I was digging into how the Colour Warper works. Not an intuitive color tool, so I had put it aside for a while, but it was time to revisit. There is very little useful documentation, and few videos. It seems to be a forgotten tool in the dust of MasterGrade, yet holds some useful tools that don’t exist elsewhere in Flame.
Question: In all the documentation and videos it shows a vector scope as part of the view port which is not only informative but potentially critical in using it. Yet, despite searching and looking around for quite some time, I can’t make it appear.
In fact it supposed to be controlled from the ‘Setup’ screen in the Color Warper. But that setup screen is blank as of 2024 at least. There are no controls to enable / disable the vector scope anymore. I can’t find any other view specific options, contexts, etc. that would turn it on or off.

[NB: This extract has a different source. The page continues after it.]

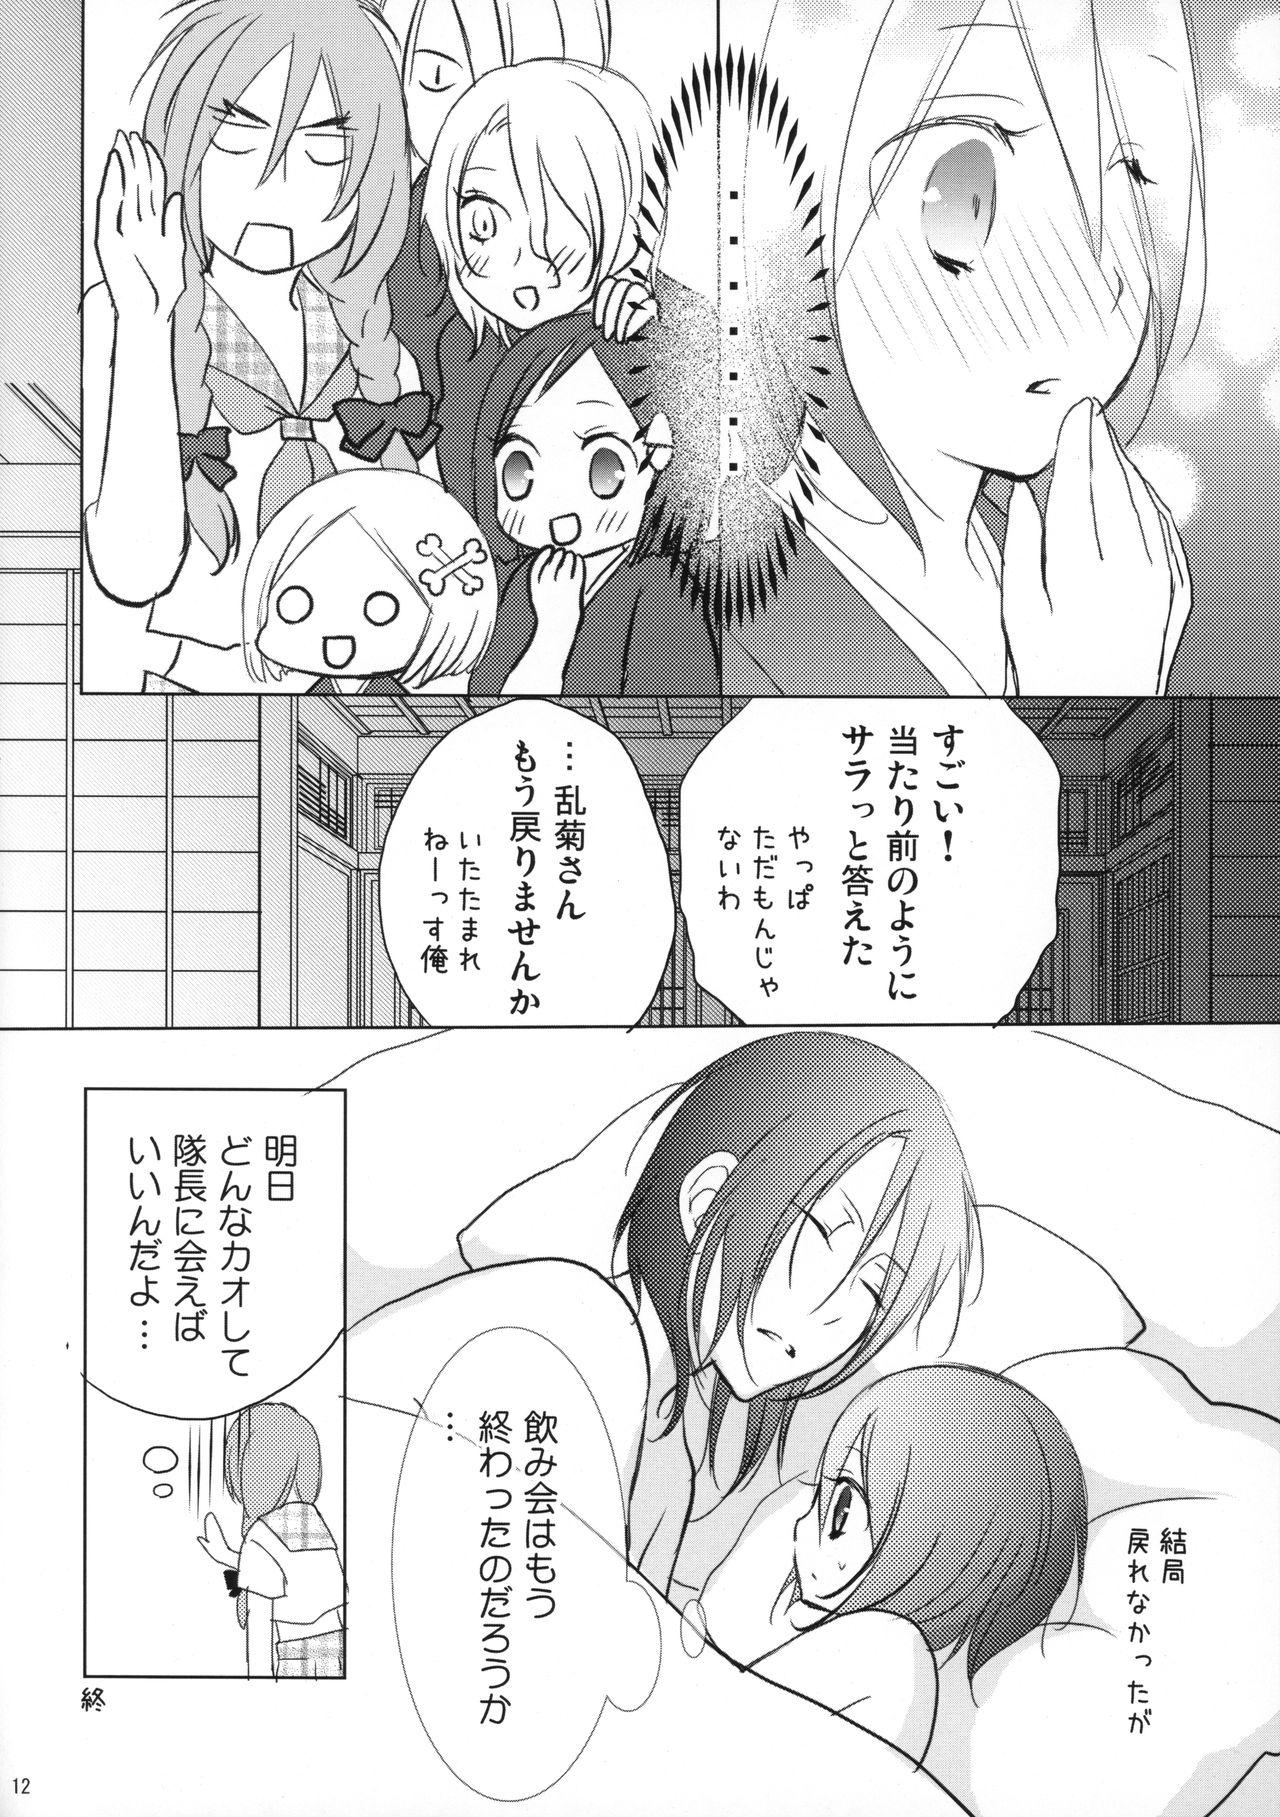 Orgy (C82) [DewDrop (Sakurai)] Tsukishima-san in Kuchiki-ke (Bleach) - Bleach Amateurs Gone Wild - Page 11

Am I missing something, or has the vector scope been lost by accident?
The part that fascinates me about the Colour Warper and is potentially important as an equivalent to Resolves much more versatile color warper, is the actual warp function.
A few things that I have learned, and some that still puzzle me:
- The shadow/highlight correction is an absolute (generally classic) hue correction. It does however change only chroma and does not change luma, which differs from other apps that maintain luminance when changing chroma.
- The mid-tones correction is different, not an absolute correction, but one that influences a set of RGB curves (visible in histogram). Each time you turn the ball, it moves the curves accordingly, and only with in the mid-tone range which you can calibrate in the histogram. As such you can stack multiple changes on top of each other, including other ranges that all get saved in those curves. Because of this stacking, the ball resets after each move which is dis-orienting when you come from any other color app.
- The global warp is yet different. It too appears to be making multiple stackable adjustments on some not displayed curve. In this case the target range is hue (and luma limited?) by the ‘src’ color pot. It doesn’t seem you can’t influence the range control/fall off of that correction. It is what it is. There’s a luma corrector that can be applied as a separate move.
Of course you can do the whole thing globally, and then three more times constrained by a standard selective key.
So if you want to move a color around Resolve style, your best bet is the global color warper in the master. Pick the source color and then move it. It will shift just the hue of selected range in whatever direction you want. You can safe-guard it with selective, but that’s not required per se. That mimics a horizontal move in the Resolve color warper.
To move vertical, you can use the saturation control and move it in the desired hue angle. Looks like you can only add, but not reduce saturation though.
What is nice is that you can do both additive and subtractive hue adjustments.